The Secret recordings of Carmen Segarra
While you are listening to this report of regulators captured by the industry they are paid to supervise, think of the endless series of Wall St and corporate chieftains who have worked for every President of our life time. So, don’t miss the current This American Life story about the Federal Reserve: “The Secret Recordings of Carmen Segarra” ((http://www.thisamericanlife.org/radio-archives/episode/536/the-secret-recordings-of-carmen-segarra))
The current tsunami of revelations of misbehavior, if not outright criminality, by the banking industry in their pursuit of mortgages gone bad, is further evidence of how fundamentally corrupt and cynical this industry continues to be. On the front end of this global economic disaster the financial system engaged in misleading sales tactics using financial products that were baroque in their complexities. Aided by governments seduced by the siren songs of free market religion and floods of money to grease the ways, the industry expanded spreading its load of debt everywhere.

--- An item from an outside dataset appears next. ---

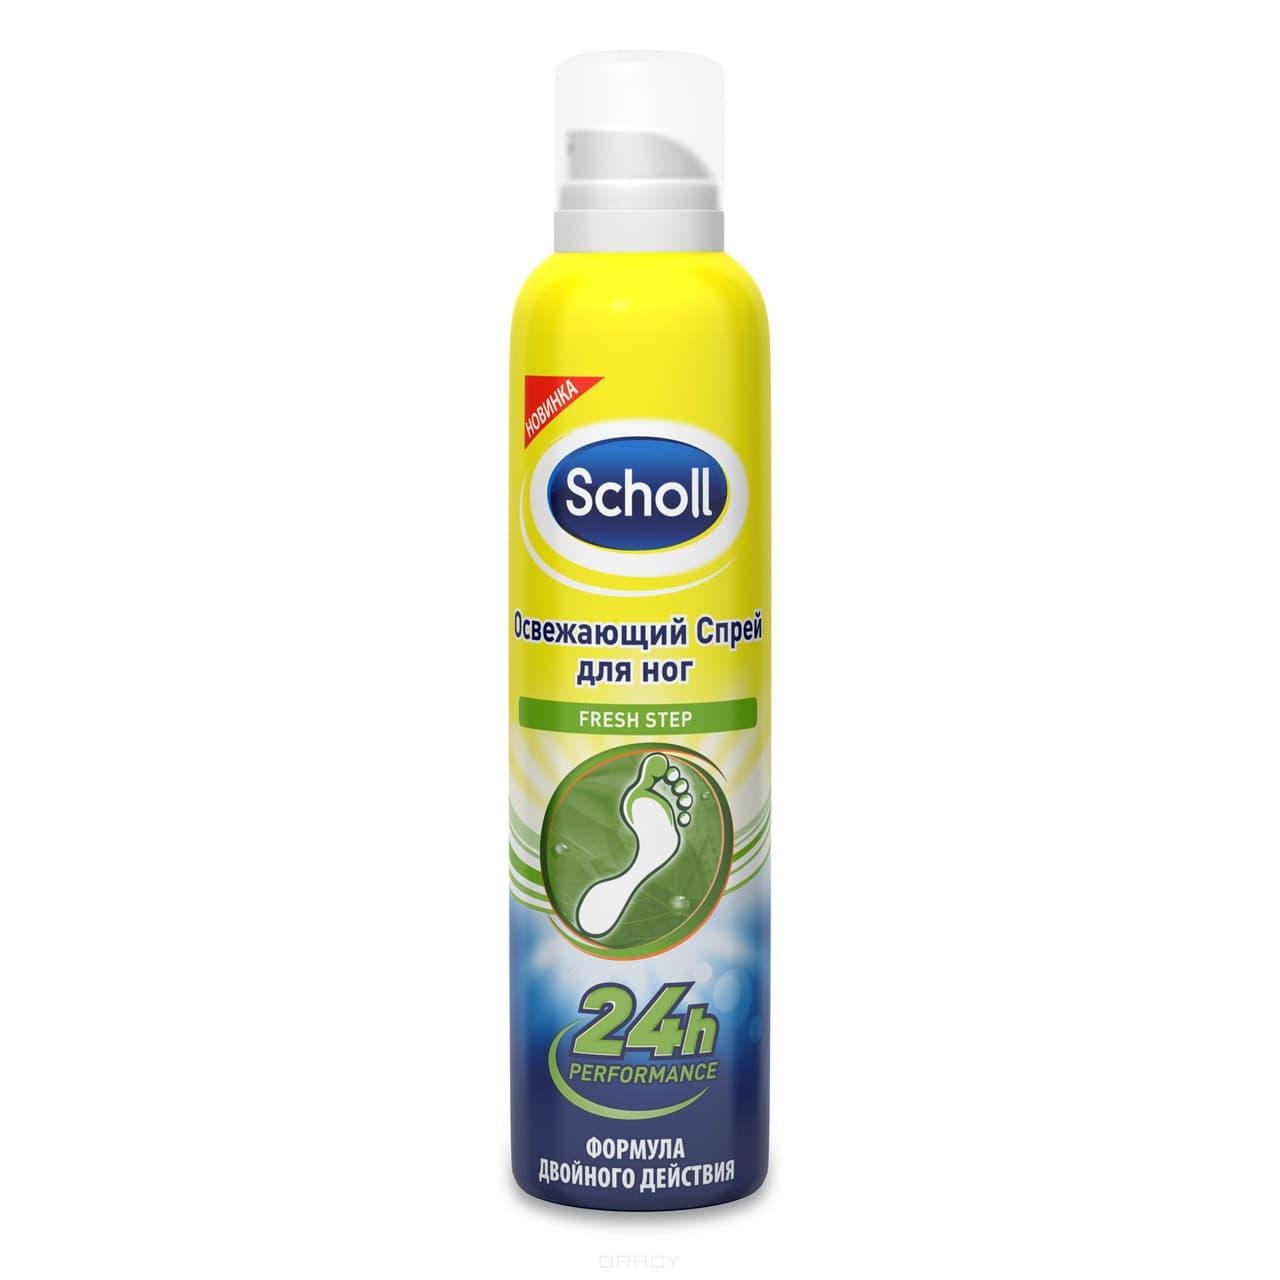 Scholl, Освежающий спрей для ног активного действия, 150 мл

Finally the whole Ponzi scheme collapsed under the weight of its own lust.
Now, in a further display that the people running these institutions have learned nothing, nor been disciplined by either market forces or governments, we are suffering through another round of their arrogance.
Time to call again for these institutions to be broken up. They are not serving the basic purpose of a banking system to supply credit. And, even after being bailed out at enormous expense, directly and indirectly to the general populace, they are again displaying utter disdain for the very laws and procedures that make it possible for the system of capitalism to function at all. Time to put some of these bank managers in jail for organizing and directing this massive fraud against the legal system and homeowners. Time to break them up to form a banking system that will both serve the needs of the economy for credit while not allowing any of them to be so large as to threaten the system as a whole.
But, who will do this? Obama’s administration seems strangely silent. But, given the continuing prevalence of Wall St. executives and their supporters in the Federal Reserve and academics in the administration this is not surprising. Similarly, the Congress, both houses, are still amazingly in thrall of the gods of the “free market” religion and money.
“Free market” has always struck me as a rather strange phrase. Never more so than in this period of financial market disasters. The phrase ‘free market’ continues to be used reflexively. Just as commentators go right on speaking of Wall St. as a source of capital and innovation, few want to ask out loud why we need most of Wall St.’s “services”; few people are openly using the most obvious words to describe these services as gambling; and, we go right on using this phrase, “free market” to describe an economy that is not free and in many sectors not a market. A recent exception to this are the comments of Ben Friedman, a professor of economics at Harvard, who said, speaking on the PBS Newshour of the continuing high percentage of our “best and brightest” going to employment on Wall St., “…it’s all the more troubling when I think that, after they leave us, so many of them go into activities that are not economically productive for the country, for society, even, just narrowly, for the economy.”